With the $50 million private placement in January, our pro forma cash position increased to $90 million. Last week, we also amended our credit facility with Oaktree. The milestones under which we can access the two remaining tranches on our debt facility, which total $50 million, were amended to allow us to access the first $25 million on U.S. FDA approval of Motiva implants, and the second with the additional milestone of achieving $195 million in trailing 12-month sales. For 2024, our guidance excludes the contribution of Motiva implant approval in the United States. We are guiding to a revenue range of $174-$184 million, representing growth of 5%-11%. We expect currency to have a minimal impact on our sales results this year. We expect gross margins in 2024 to be approximately 100 basis points higher than 2023 to a range of 65.5%-66%.
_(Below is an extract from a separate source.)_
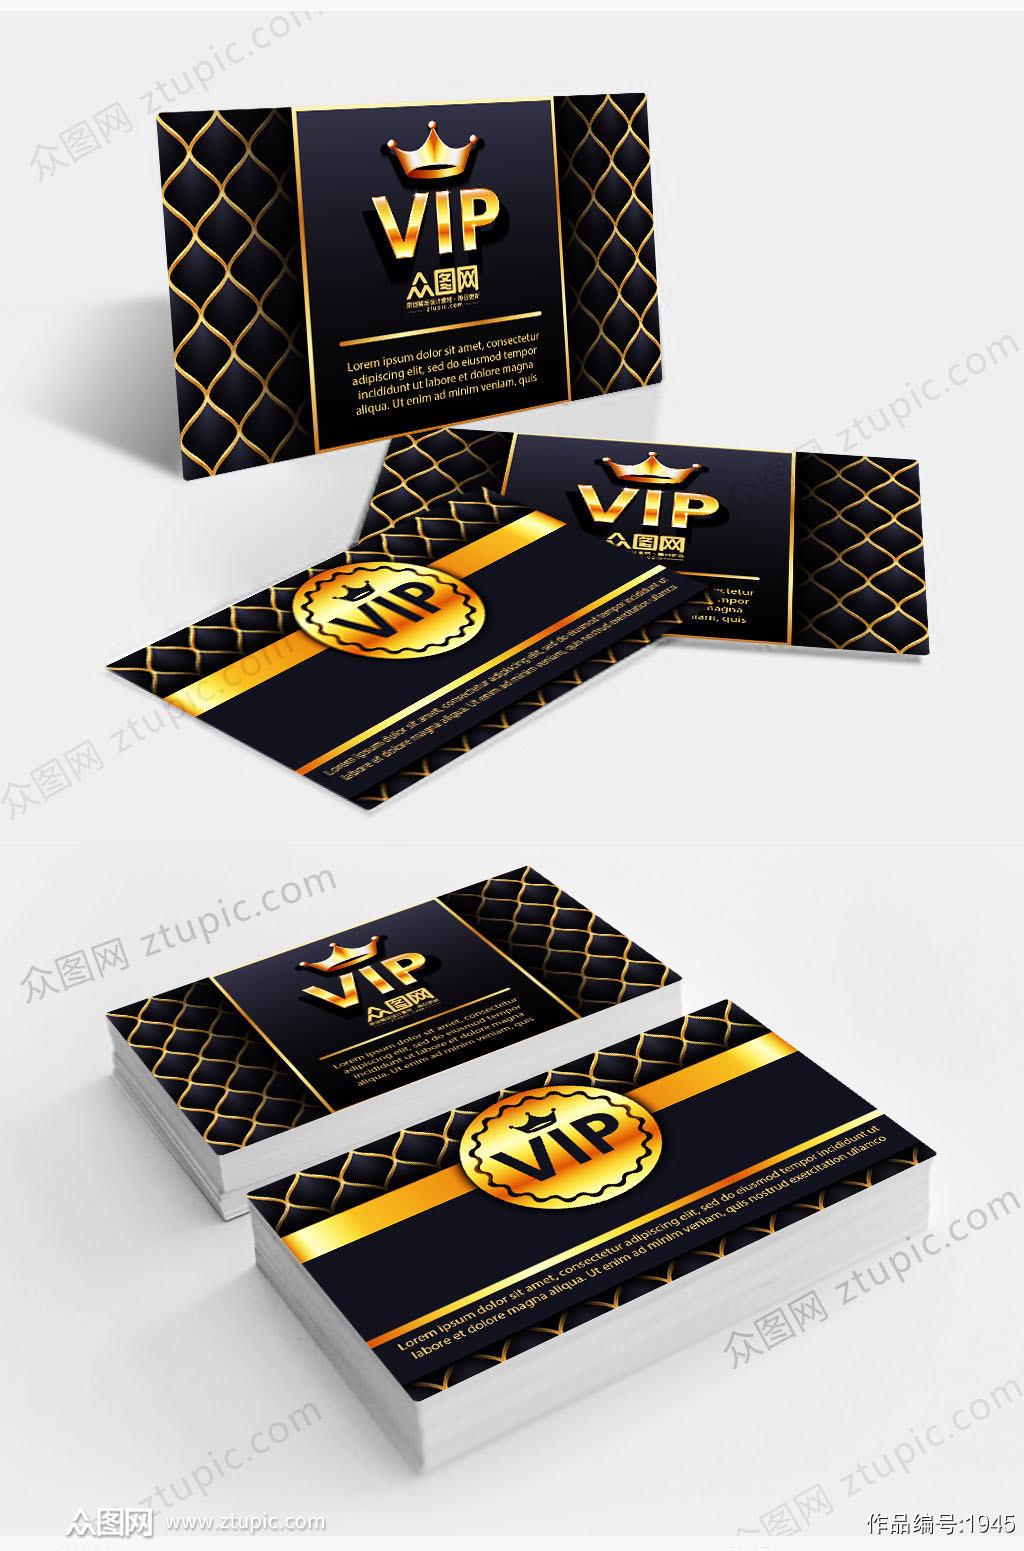 大气金色商务VIP贵宾卡会员卡设计素材

We have taken a number of steps to lower cash use in 2024. These efforts include the reduction of global personnel by approximately 28%, targeted reductions in operating expenses, and management of inventory levels. As a result, we expect cash use before financing in 2024 to be less than $48 million. With these actions, we expect to achieve positive adjusted EBITDA in 2024 and positive cash flow in 2025. I will now turn the call back to Juan José.
Juan José Chacón-Quirós (CEO)
Thank you, Raj. Establishment Labs was founded on bringing differentiated technology to an industry that has seen little innovation for decades. Unlike our competitors, we have grounded our products in true science and innovation, and the clinical and scientific data clearly demonstrate our technologies have no parallel in this industry. We are now launching our technologies into China and the United States, the two largest, highest-priced, and highest-gross margin markets in the world. In our current markets, Flora is constructing a new standard in breast reconstruction, and Mia is creating an entirely new and higher-value category in breast aesthetics. We are acutely focused on creating shareholder value, and a significant piece of this is to get to cash flow positive as soon as possible. We are confident in our ability to do this early next year and have modeled our cash spend accordingly.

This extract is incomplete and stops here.